The original iPhone SE (Special Edition) was released along with the larger iPhone 6s and 6s Plus. Many users preferred the smaller size of this phone and its flat sides that used the same design as the iPhone 5s.
The original iPhone SE’s exterior differed from the iPhone 5s in its finishes, including four colors, and matte (instead of shiny) edges. Colors for the iPhone SE included Silver (white glass front and a silver aluminum sides and back with a white top and bottom detail); Space Gray (black glass front and a gunmetal gray aluminum sides and back with a black top and bottom detail); Gold (white glass front and a gold aluminum sides and back with a white top and bottom detail); and Rose Gold (white glass front and a pink-tinted gold aluminum sides and back with a white top and bottom detail).
The original iPhone SE used a 4-inch Retina display (1136×640 at 326 ppi). Its two cameras included a rear 12-megapixel iSight camera with a True Tone flash and a front 1.2-megapixel 720p FaceTime camera.
A Touch ID fingerprint sensor was embedded in the Home button of the iPhone SE. It used Apple’s A9 processor and was available with 16, 32, 64, or 128 GB storage. Wireless connections included 4G/LTE, 802.11ac Wi-Fi, Bluetooth 4.2, and NFC (Apple Pay). Wired connections included a headphone jack and a Lightning connector.
The iPhone SE would become the first iPhone name to be later reused (in April 2020) in a completely different design.

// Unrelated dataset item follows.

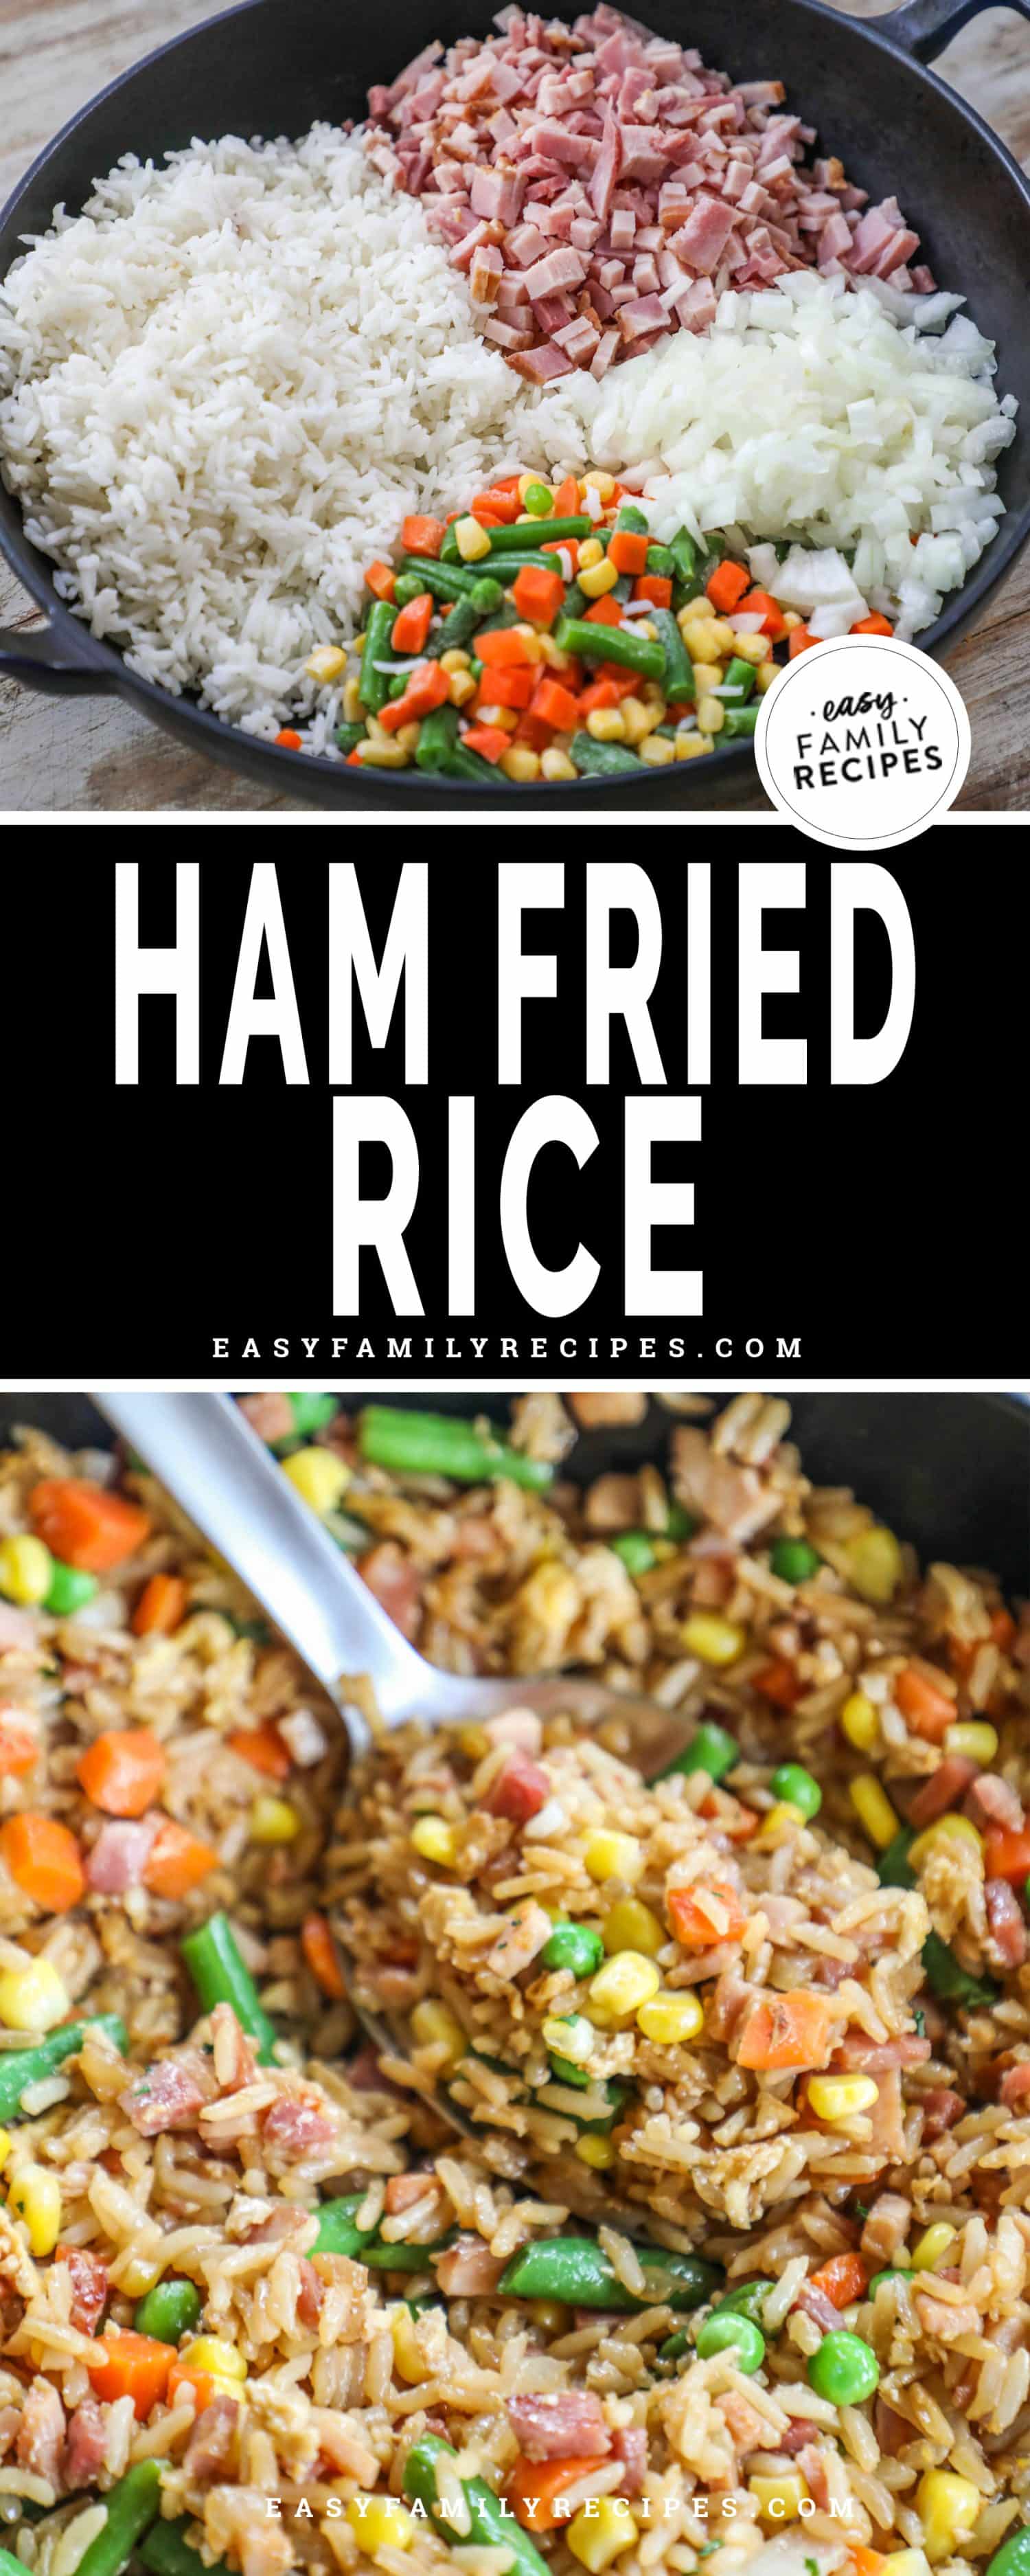 ingredients for fried rice in a skillet and finished ham fried rice.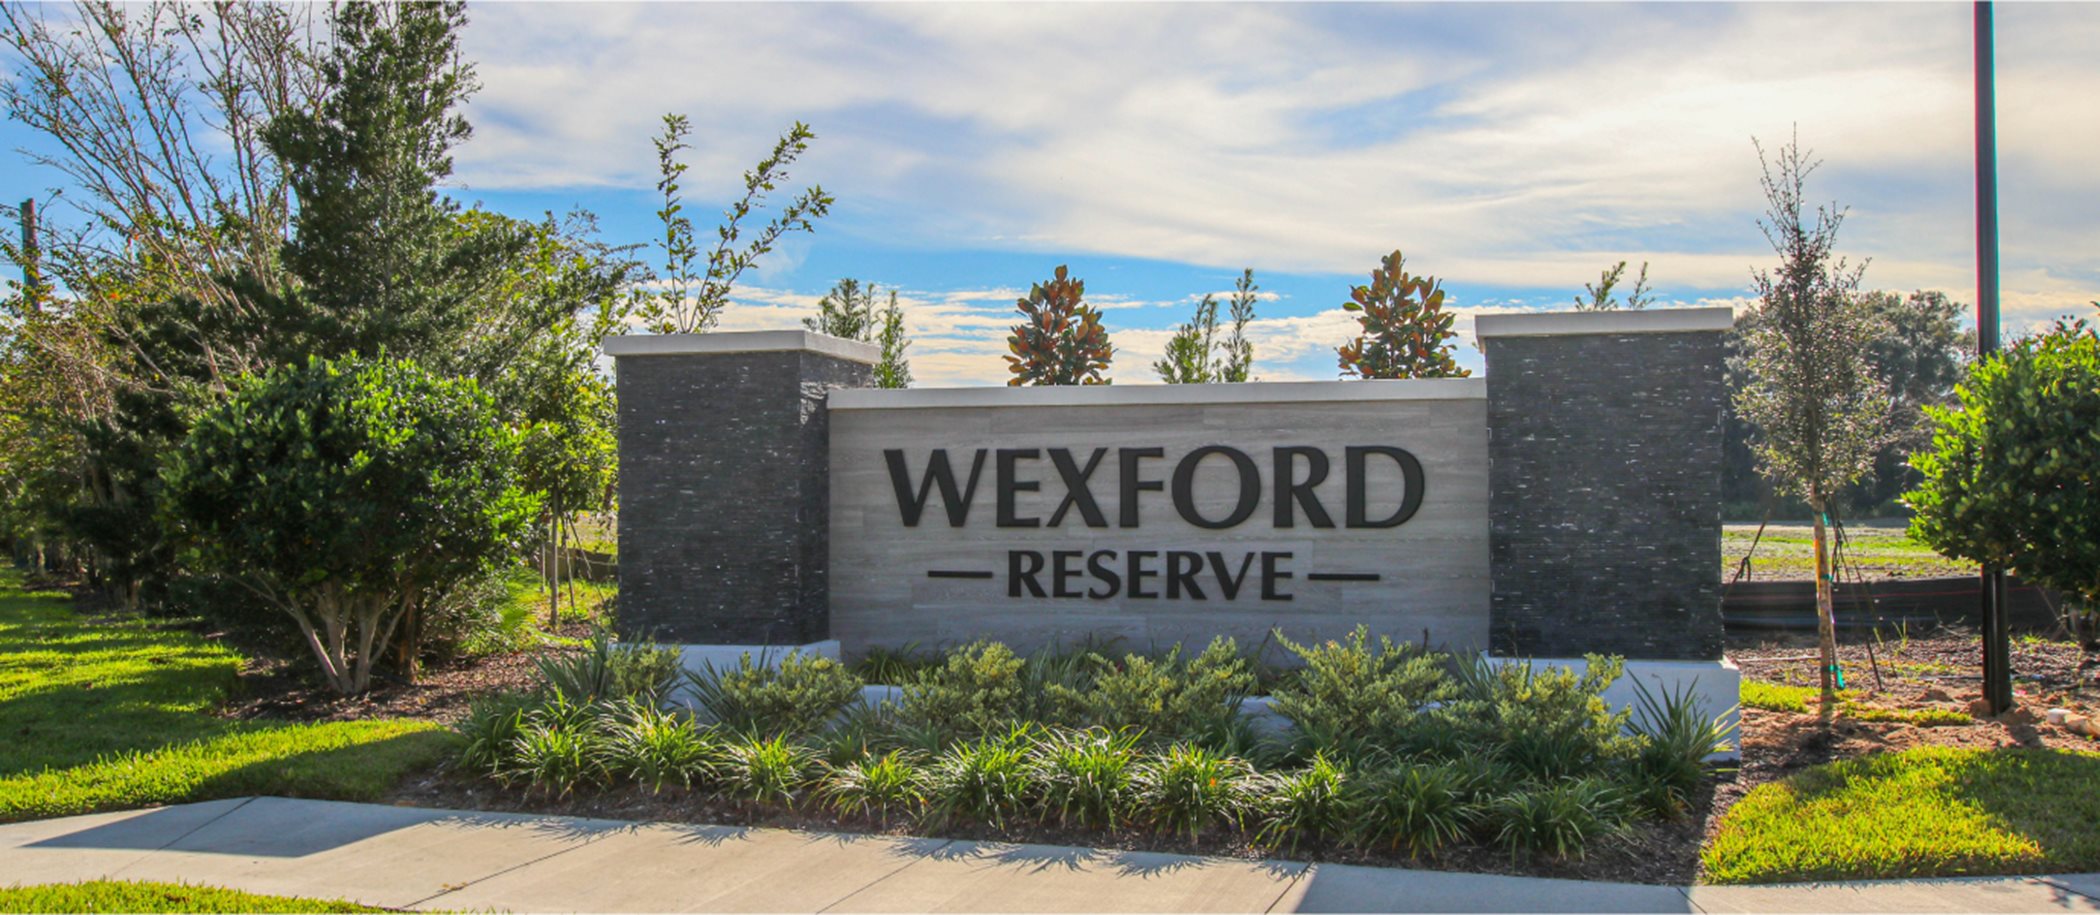 Wexford Reserve monument

The iPhone 5s was released in 2013 as a successor to the iPhone 5. While previous “s” updates delivered only slight enhancements, the 5s had major upgrades internally and externally. The iPhone 5s included an A7 chip (Apple’s first 64-bit “system-on-a-chip”), Apple’s first fingerprint Touch ID, and greatly enhanced cameras with a flash system that used different color temperatures.
The iPhone 5s was offered in three metallic colors: silver (white glass front with a metallic sliver back), gold (white glass front with a metallic gold back), and space gray (black glass front with metallic gunmetal gray back). Its touch screen was a Retina display (1136 x 640). The back camera was an 8-megapixel iSight camera (1080p), and the front camera was a 1.2 megapixel FaceTime camera (720p).
The A7 chip that powered the iPhone 5s ran at 1.3 GHz and storage was offered at 16, 32, or 64 GB. Wireless connections included 802.11n Wi-Fi, Bluetooth 4.0, and 4G/LTE. Wired connections included the Lightning connector and a standard headphone jack.
This was the first iPhone to ship with iOS 7, the first iOS version designed under Jony Ive that removed the previous “skeuomorphic” design aesthetic that used true-life design elements such as faux textures, drop shadows, glossy surfaces, beveled edges, and other real-world visual cues (e.g., the Notes app icon resembled a legal pad with torn-off pages, the Newsstand app icon that resembled a book case). Instead, iOS 7 icons and interfaces were flat and featured a defined colorful palette.
The iPad Air 2 was the first iPad to use Touch ID. It was announced at an October 2014 Apple event titled, “Change Is in the Air.” This iPad was available in three colors: gold (gold aluminum back with a white glass front), silver (silver aluminum back with a white glass front), and space gray (dark gray aluminum back with a black glass front).
The 9.7-inch touchscreen Retina Display was 2048×1536 (at 264 ppi) and featured an antireflective coating. Internally, it used a three-core 1.5 GHz A8X processor, 2 GB of RAM, and was available with 16, 32, 64, or 128 GB of storage.
Its rear 8-megapixel iSight camera recorded video at 1080p (30 fps), and its front 1.2-megapixel FaceTime HD camera recoded video at 720p.